Sans Faceted Myri 8 is a bold, normal width, medium contrast, upright, normal x-height font.
Keywords: headlines, logos, posters, game titles, album art, industrial, retro, arcade, metal, aggressive, impact, branding, display, edgy, techno, angular, chamfered, geometric, blocky, octagonal counters.
Letterforms are constructed from crisp straight strokes and clipped corners, replacing curves with planar facets and chamfered joints. Counters tend to be polygonal and tightly shaped, producing a compact, high-impact texture in text. Terminals often end in sharp points or wedge-like cuts, and diagonals are treated as stepped angles rather than smooth transitions, giving the design a mechanical rhythm. The result is a blocky, geometric silhouette that reads best when set with a bit of breathing room.

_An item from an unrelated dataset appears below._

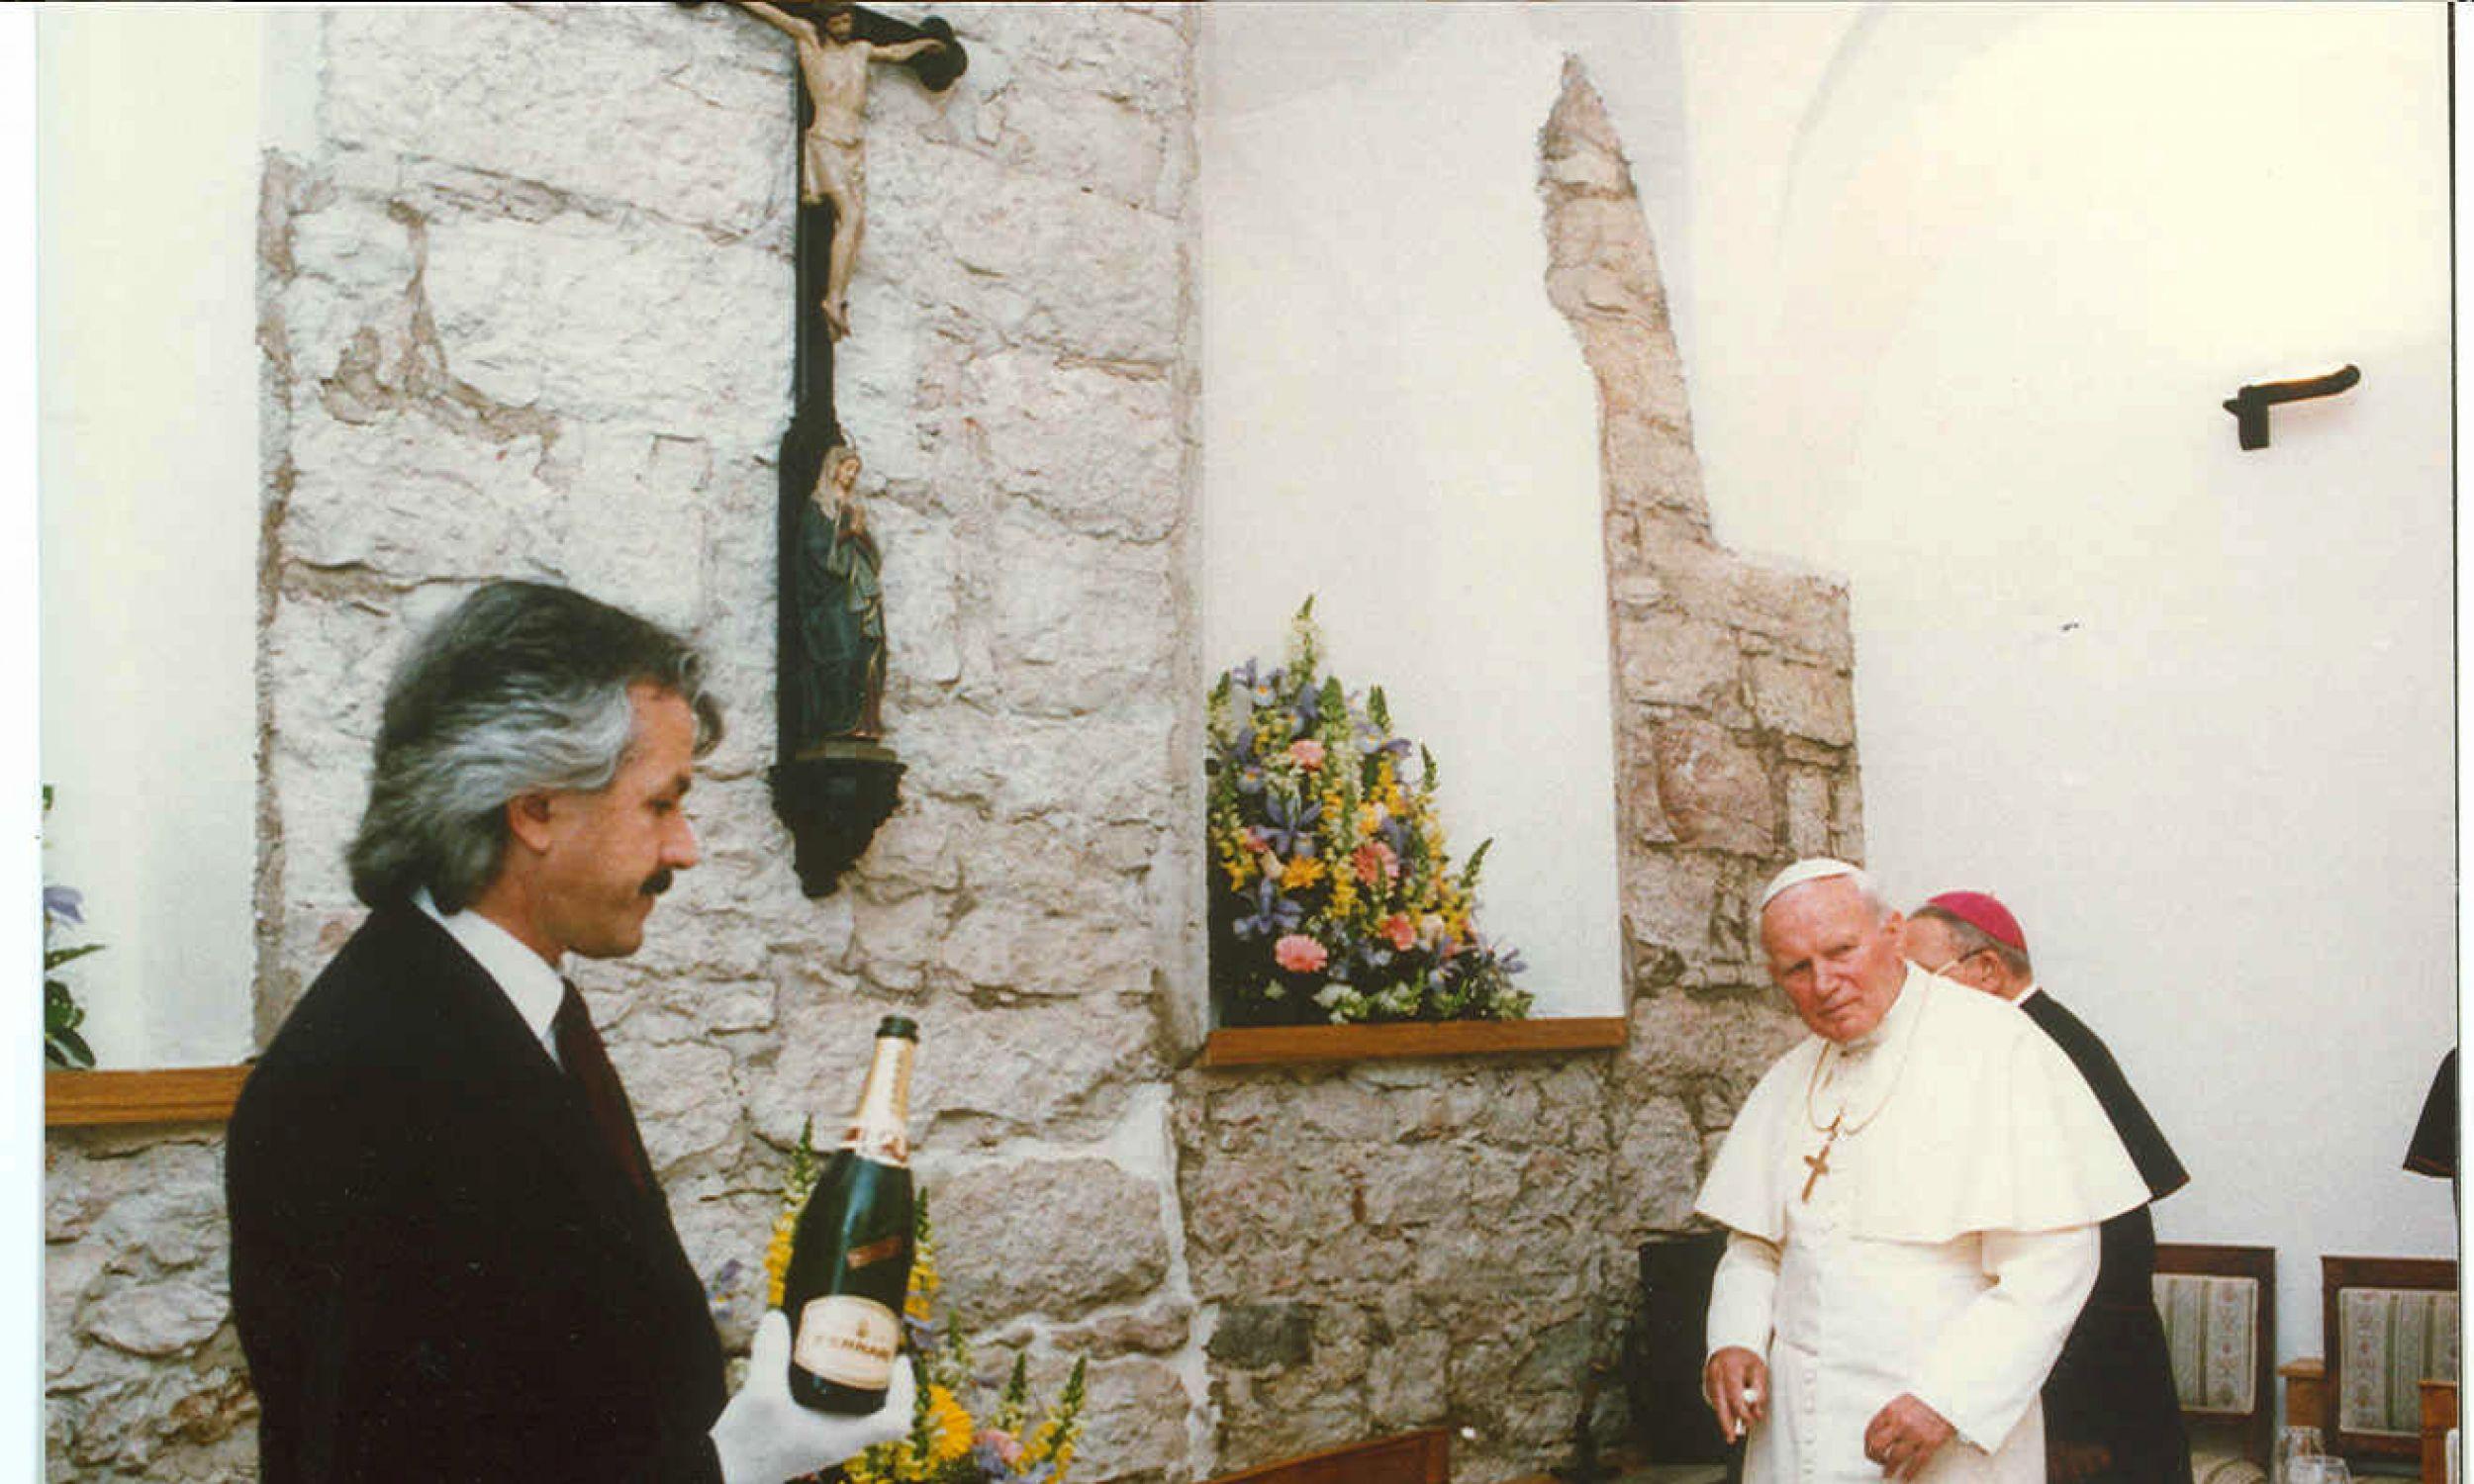 Kolacja wydawana dla Jana Pawła II. Fot. Gruppo Lunelli

It suits logos, wordmarks, posters, album/merch graphics, game titles, and event branding where a strong, angular personality is desired. It can work well for signage-like headlines and UI title treatments in retro or industrial themes. For longer passages, it is best reserved for short bursts of text at moderate-to-large sizes where the faceted details remain clear.
The font projects a hard-edged, assertive tone with a distinctly engineered attitude. Its angular construction evokes a retro-digital and arcade-like mood while also leaning into a gothic, emblematic flavor. Overall it feels forceful, stylized, and built to stand out rather than blend in.
This design appears intended as a display face that translates blackletter-like energy into a simplified, faceted geometry. By emphasizing sharp terminals and polygonal counters, it aims to deliver immediate visual punch and a distinctive voice for headlines or short phrases. The overall construction suggests an intention to feel mechanical and stylized rather than neutral or bookish.
The sample text shows a dense, rhythmic texture with prominent corners and narrow internal spaces, making spacing and size choices important for clarity. Round characters like O and 0 become multi-sided, and many lowercase forms echo the uppercase construction, reinforcing a cohesive, emblematic feel across cases and numerals.